A spicy broth brimming with Thai flavors. If you don’t have red curry paste, you can improvise with curry powder mixed with oil and adding a dash or two of red pepper flakes. Soy sauce mixed with a little dulse or other powdered sea vegetable and a pinch or two of brown sugar can sub for fish sauce. Most proteins will work here, cooked or raw. You’ll have to make the call whether to cook first or not, or just add to the soup. Seafood you could just add in near the end, but ground beef I cook up with the onions. Greens such as kale would go in along with the broth, bok choi or spinach towards the end. If you have the ingredients on hand, this is a quick and flavorful meal.

2 T vegetable oil, butter or ghee (I used coconut oil.)
3/4 c sliced onion (halve onion, then make half moon slices)
1 lb ground beef
2 cloves garlic, minced
1 t fresh, peeled, grated ginger
2 T red curry paste
3 c (peeled) diced winter squash
4 c broth, stock; or broth or stock mixed with water
1 can coconut milk
3 T fish sauce
3 c finely chopped greens
2 T lime juice
fresh, chopped cilantro or basil, for garnish, optional

1. Heat the oil in a soup pot or Dutch oven. Add the onion and sauté for 5 minutes. Add the ground beef, if using, and cook, stirring, for another 5 minutes, until no longer pink.
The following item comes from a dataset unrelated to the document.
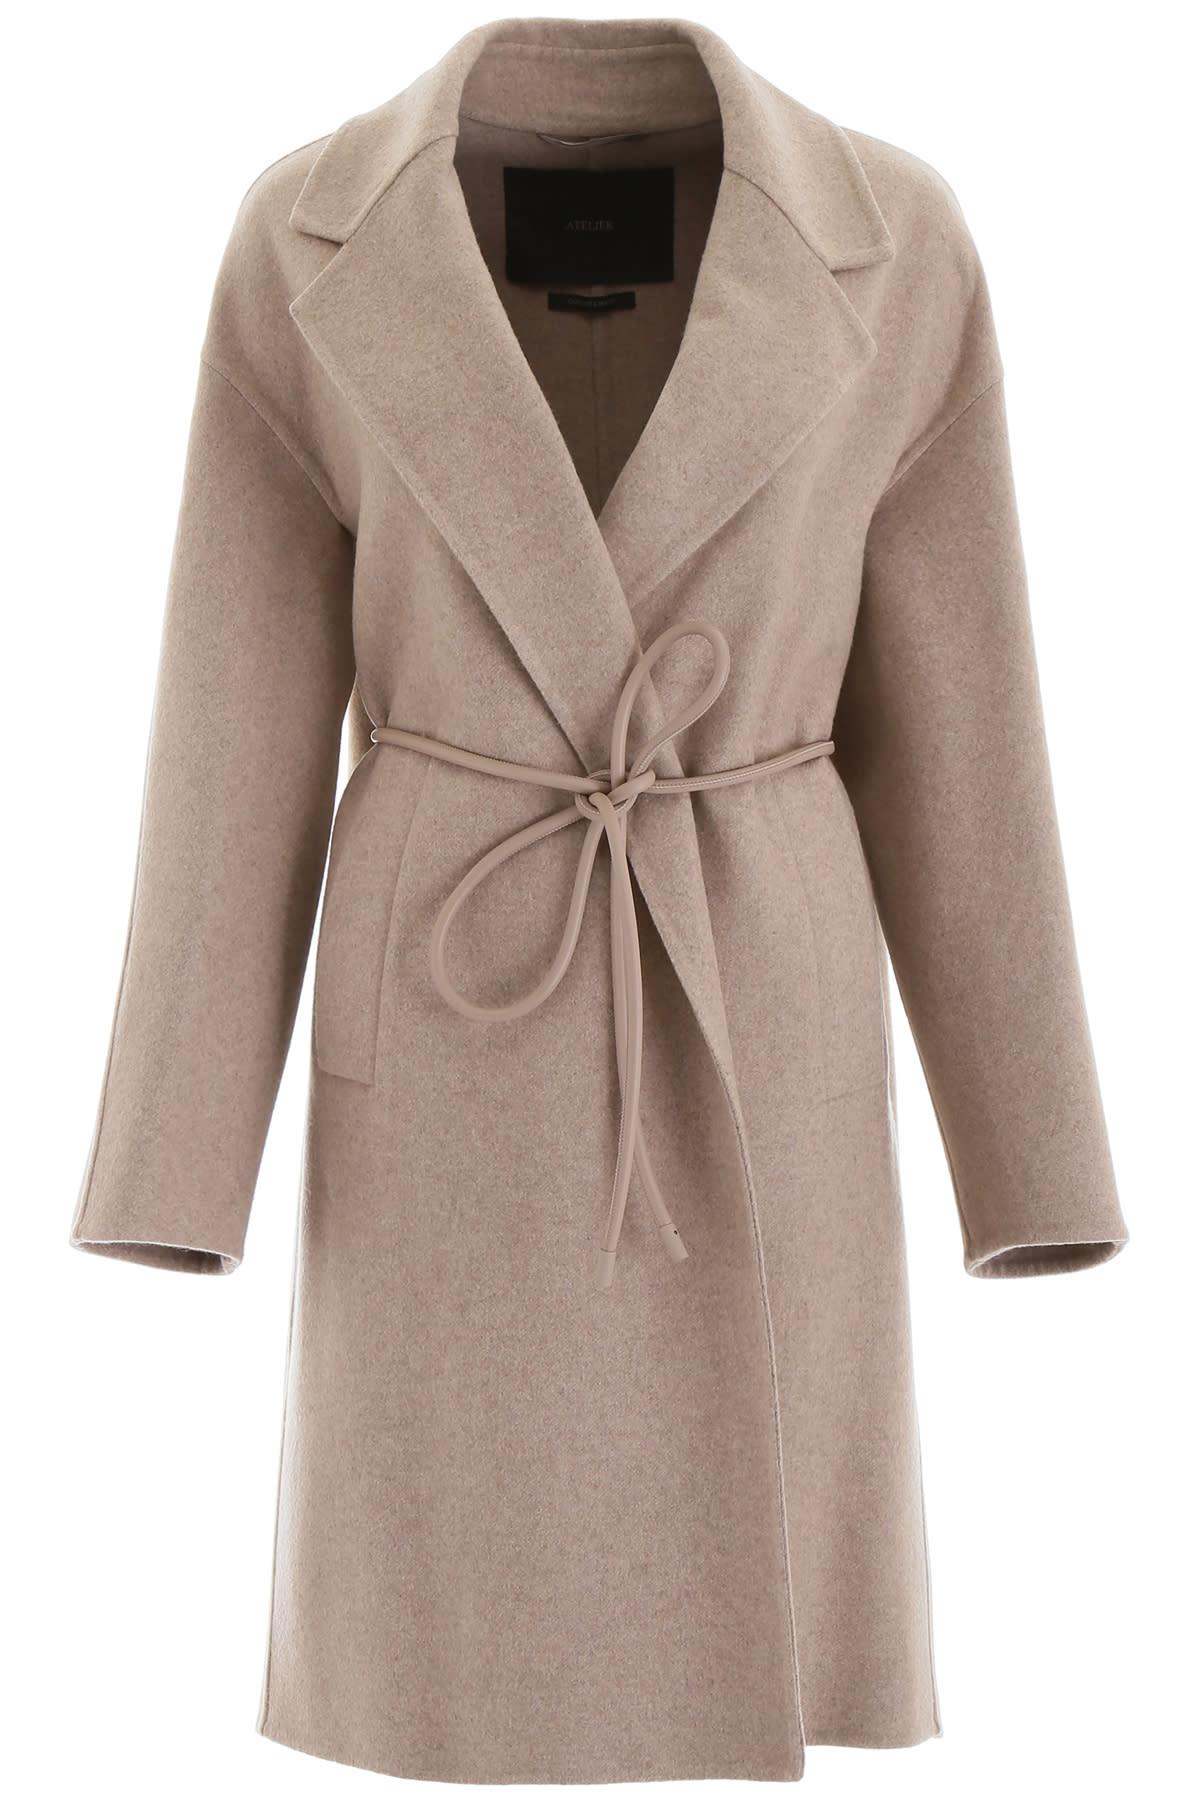 Photo of  Max Mara Atelier Plava Coat- shop Max Mara Atelier jackets online sales
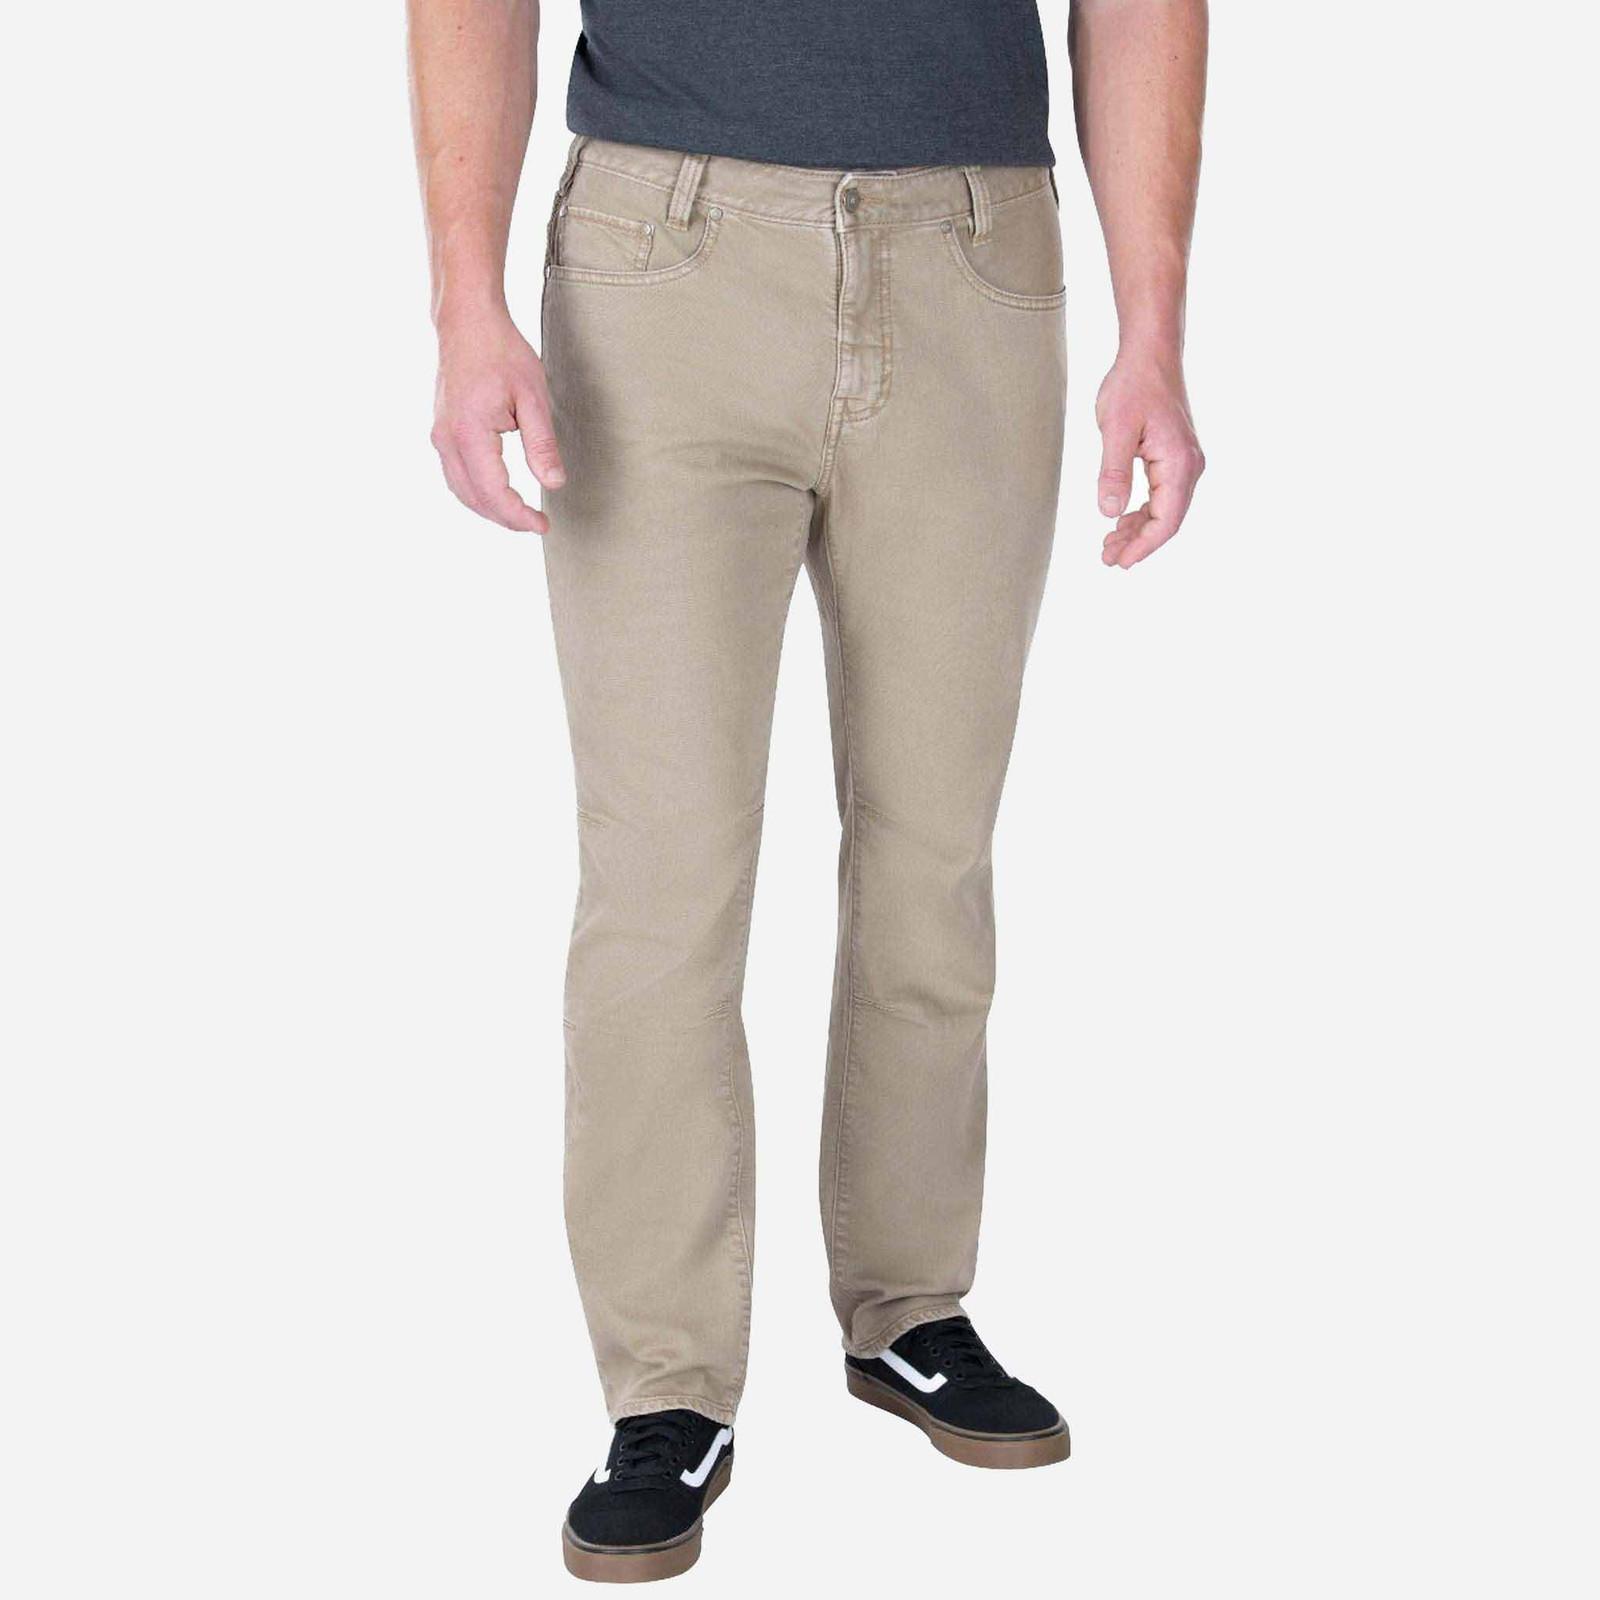 Defiance Jeans - Sandstorm - Vertx

Stir in the garlic, ginger, curry paste and winter squash. Sauté for a few minutes until the garlic and ginger are fragrant.

2. Add the broth, coconut milk, and fish sauce. If you are using kale add it here. Bring to a simmer. Don’t let it boil too hard or the coconut milk will separate. Simmer until the squash is tender. Just before this occurs, add in bok choi or spinach, if using those greens.

3. Taste for seasonings. Stir in lime juice. Serve, garnished with cilantro, if using.